A bidirectional Long Short-Term Memory (LSTM) network. This RNN architecture processes protein sequences in both forward and reverse directions to capture long-range dependencies between amino acids.
This is the most complex model, combining the strengths from dilated convolutions and residual connections. Dilations allow the model to expand its receptive field to see broader sequence contexts, while residual connections help in training deeper networks effectively.

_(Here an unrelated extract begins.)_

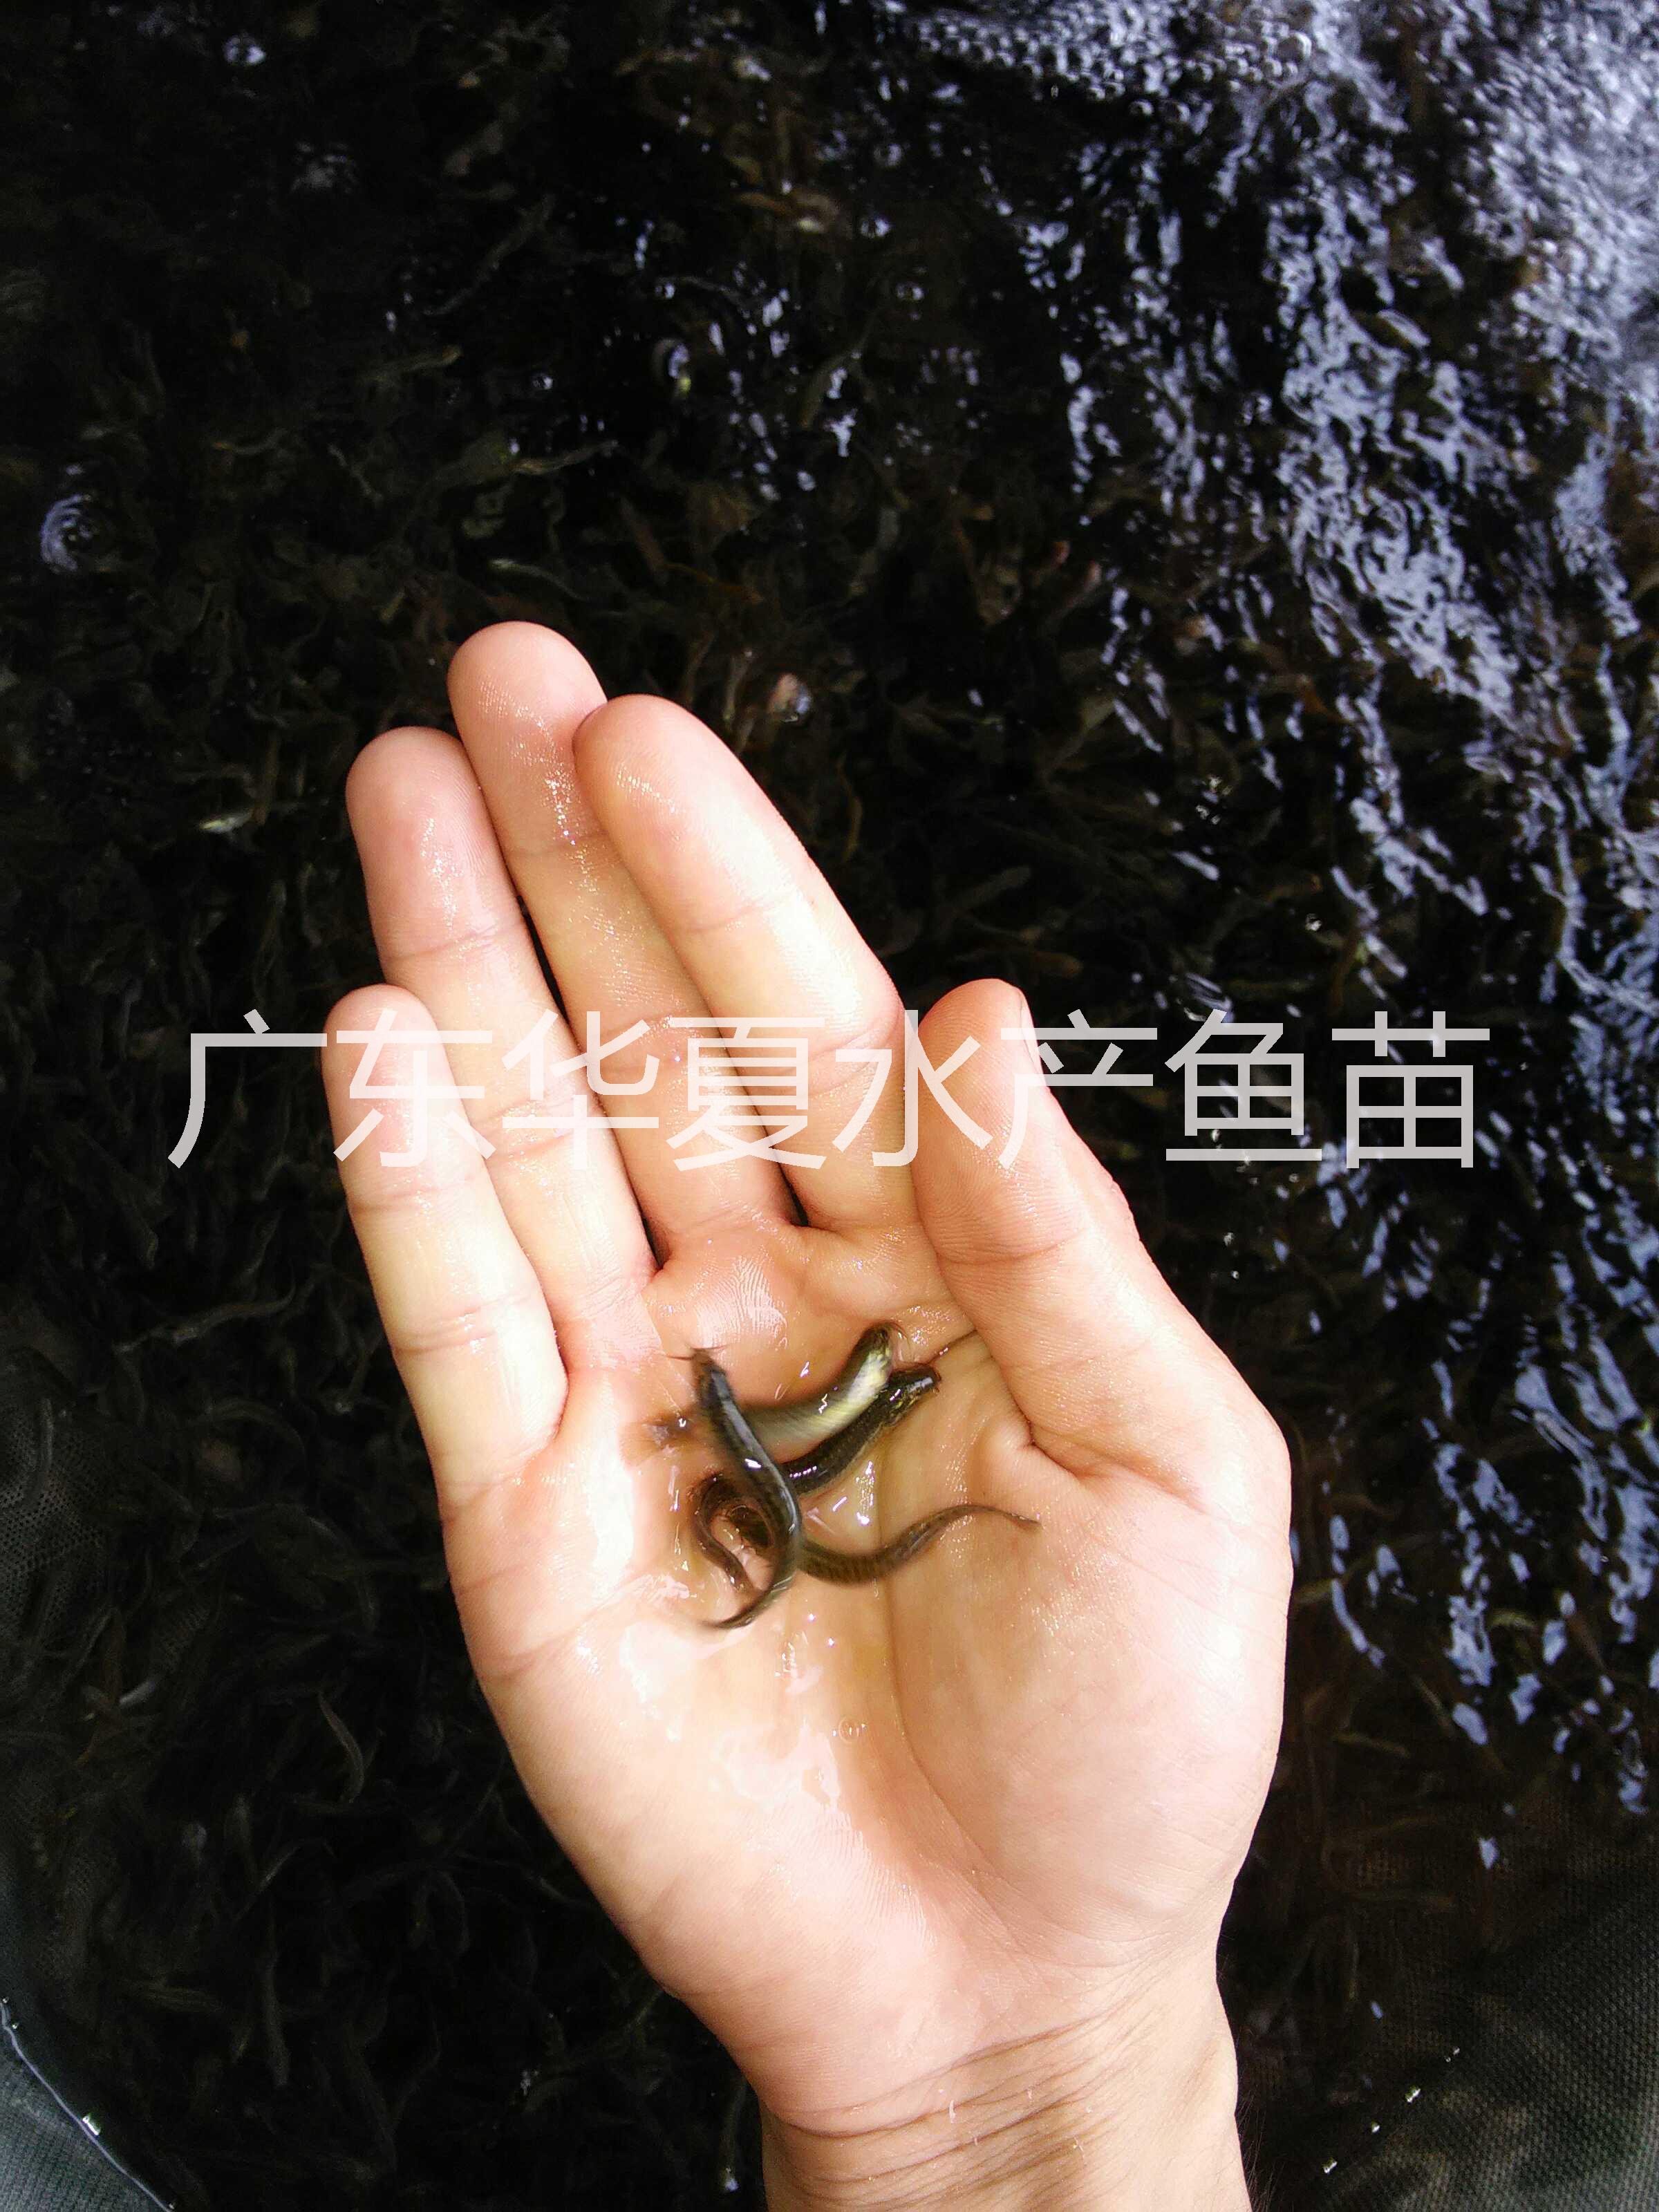 供应用于鱼苗的常年供应台正宗台湾泥鳅优质鱼苗图片
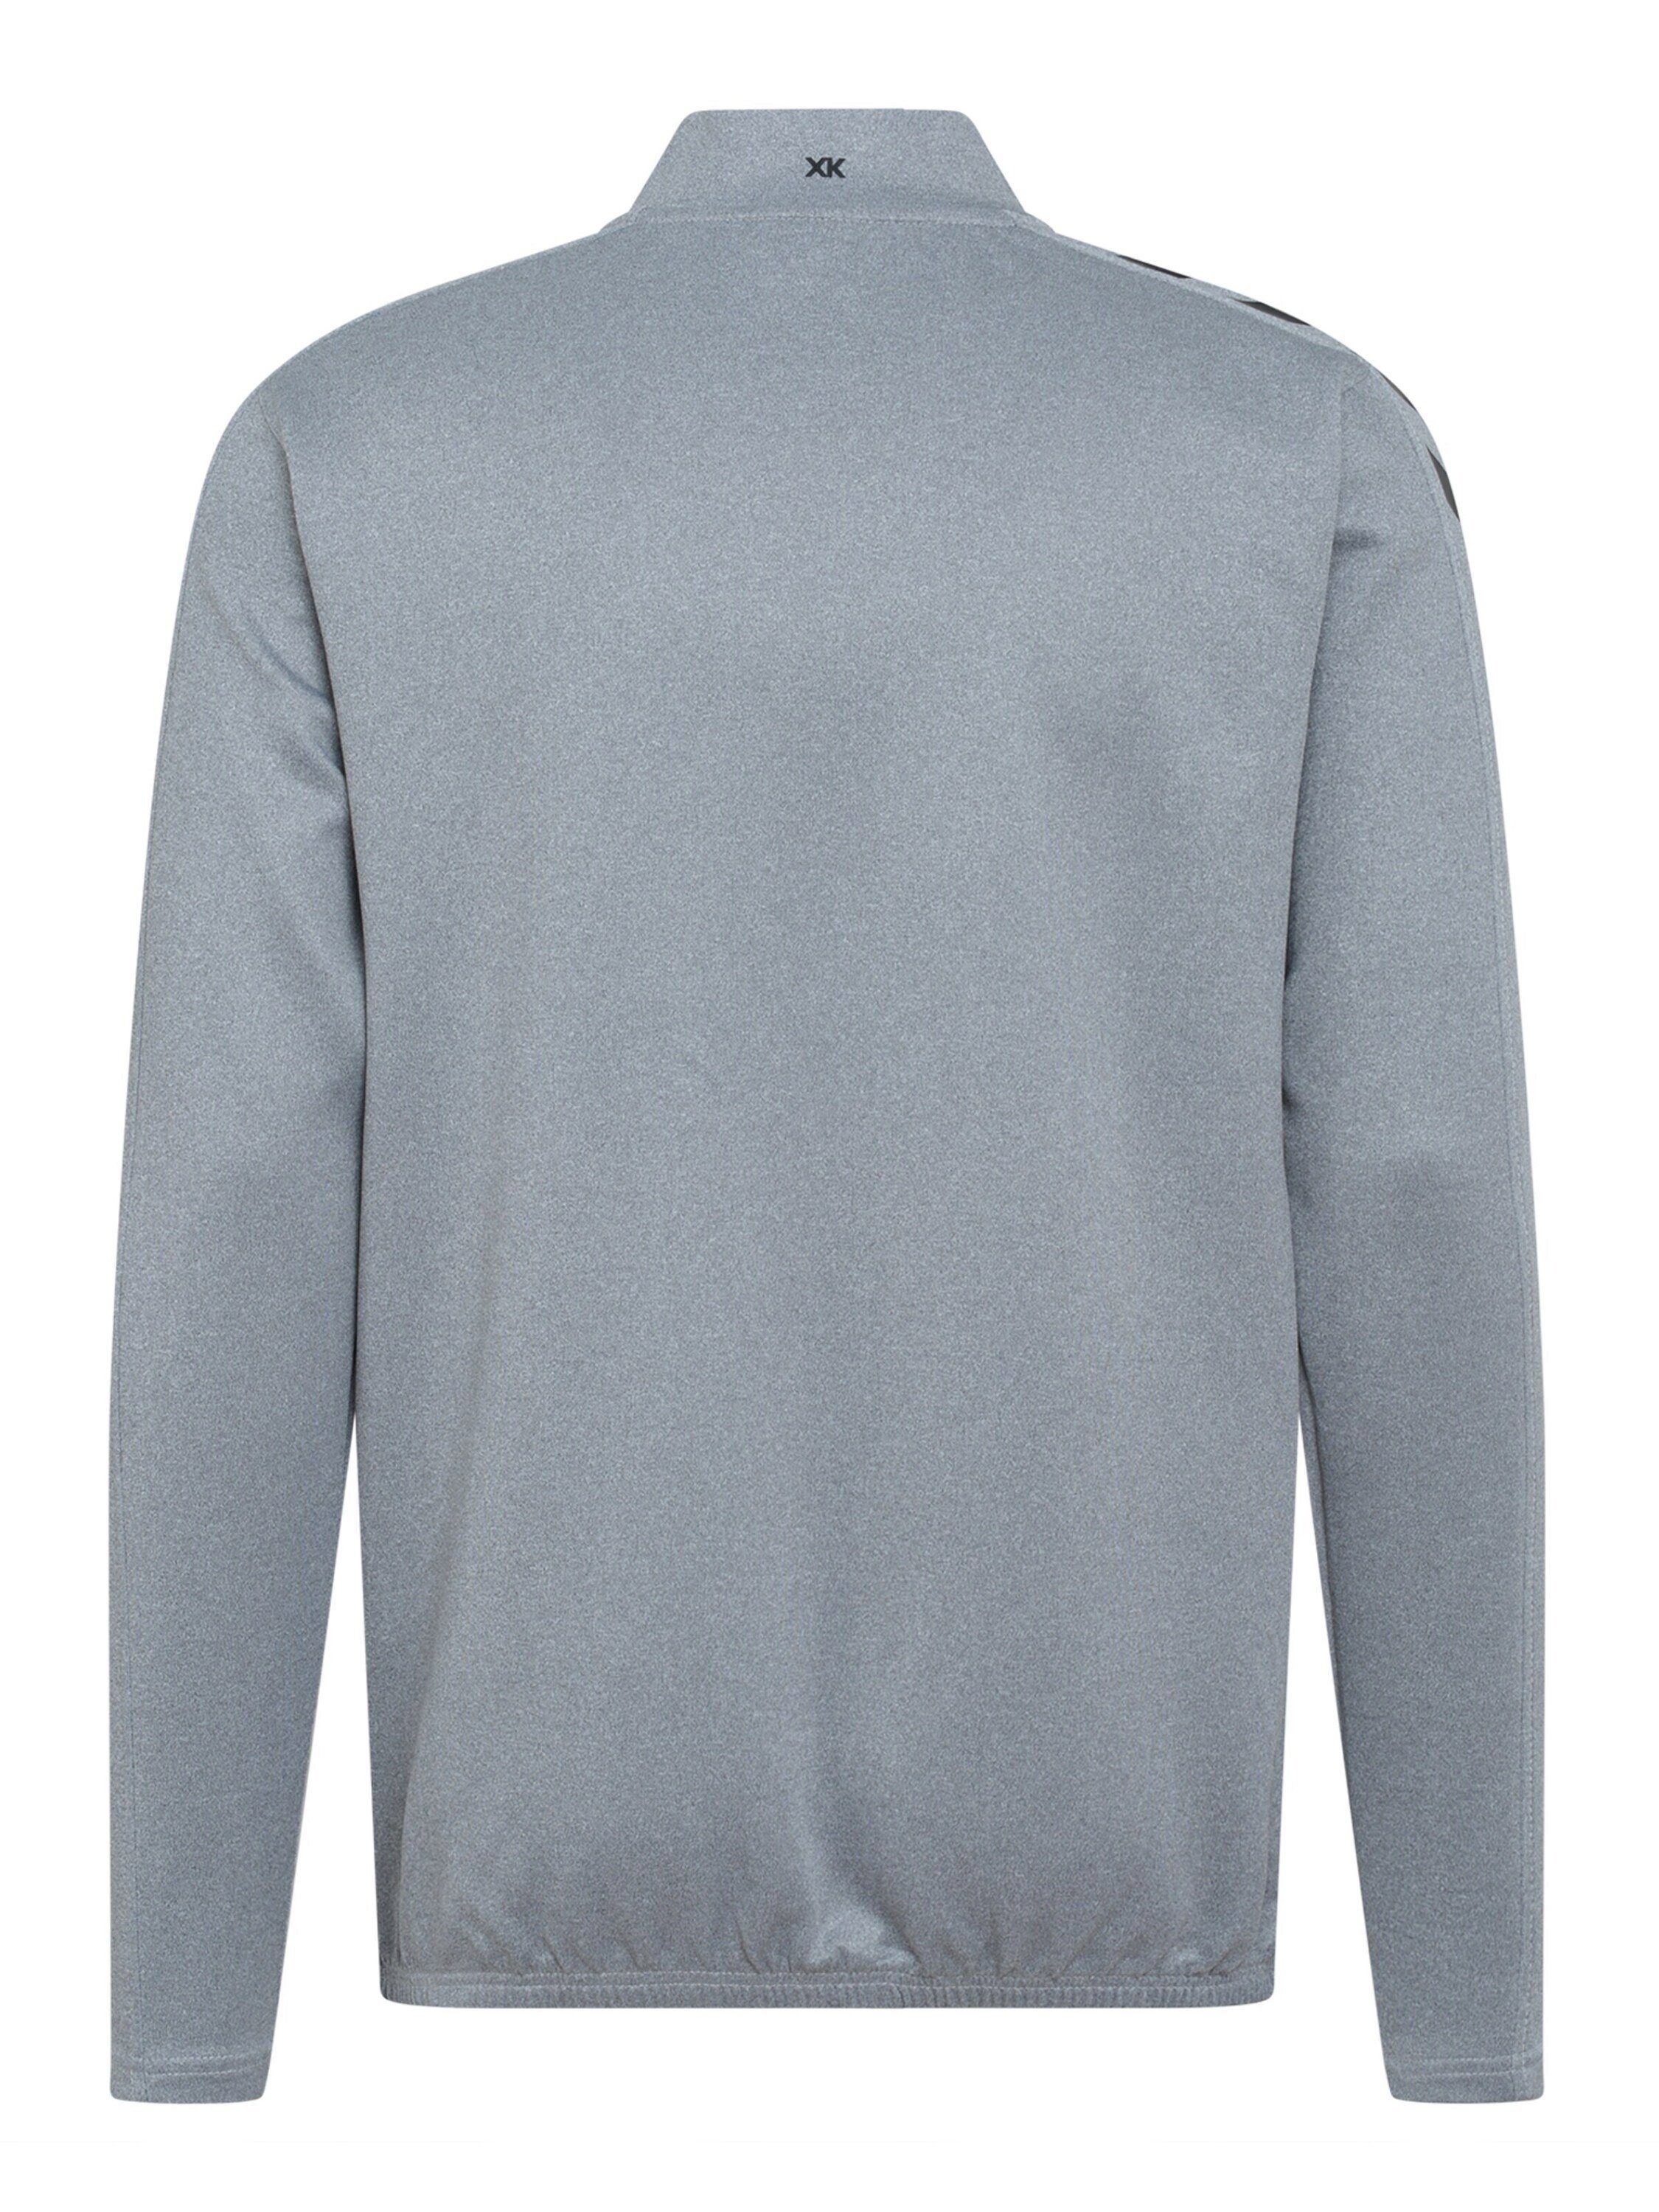 Sweatshirt Details grau (1-tlg) hummel Plain/ohne

| Model | Best Validation Accuracy | Training Notes | Training History |
|---|---|---|---|
| SimpleCNN | 68.08% | Showed signs of underfitting, with performance plateauing early. This suggests a more complex model is needed. |  |
| AdvancedCNN | 69. 69% | Demonstrated more stable training than the baseline, but did not improve upon validation accuracy. This highlights the trade-off between model complexity and performance on this dataset. |  |
| BiLSTM | 67.86% | Showed excellent generalization with minimal overfitting, confirming the importance of capturing long-range dependencies in sequence data. |  |
| DilatedResNetCNN | 70.61% | Achieved the highest accuracy with a stable training process, demonstrating strong generalization without significant overfitting. |  |
protein_ss_prediction/
├── configs/ # Configuration files for models and training
│ └── model_configs/
├── data/ # Data directory
│ ├── raw/ # Raw data downloaded from source
│ └── processed/ # Processed data ready for model consumption
├── logs/ # Log files for training
├── models/ # Trained models
├── notebooks/ # Jupyter notebooks for exploration and analysis
├── results/
│ ├── figures/ # Plots for accuracy and loss curves
│ └── logs/ # CSV logs for configs changes vs accuracy metrics
├── scripts/ # Standalone scripts for the pipeline
│ ├── download_data.py # Downloads the raw dataset
│ └── prepare_data.py # Preprocesses raw data
├── src/ # Source code for the project
│ ├── data/ # Data loading and processing classes
│ ├── models/ # Model architecture definitions
│ ├── utils/ # Utility functions
│ └── cli.py # Command-line interface
├── tests/ # Unit tests
├── CONTRIBUTING.md # Contributing guidelines
├── LICENSE # MIT License
├── README.md # This file
├── requirements.txt # Python dependencies
└── setup.py # Package setup
To compare different runs, I set up a system that automatically records the configuration and final performance of each training session into a CSV file in the results/logs directory. This captures the model's name, the key hyperparameters used, and the best validation accuracy achieved.
For monitoring and debugging, I'm using Python's built-in logging module. This streams detailed information to the console while training and saves a complete record to a file in the /logs directory.
To see how the models are performing, I wrote a plotting utility that automatically generates and saves charts of the training and validation metrics for each epoch. This provides a quick visual way to check for things like overfitting.
The DilatedResNetCNN was the top-performing model. Its success is likely due to its advanced architecture:
- Dilated convolutions allowed the network to learn relationships between distant amino acids, which is critical for structure prediction
- Residual connections enabled stable training of a deeper, more powerful network capable of learning a richer hierarchy of features
While the BiLSTM also performed well by capturing long-range dependencies, the DilatedResNetCNN's ability to efficiently learn hierarchical spatial patterns across the sequence proved to be the most effective strategy for this task.
- Final Evaluation: Evaluate the best-performing model (
DilatedResNetCNN) on the CB513 test set for a final, unbiased performance metric. - Error Analysis: Perform a detailed error analysis, including a confusion matrix, to identify which secondary structure classes (or sequence contexts) are most difficult to predict.
- Hyperparameter Tuning: Experiment with hyperparameter tuning for the
DilatedResNetCNNmodel to potentially improve performance further.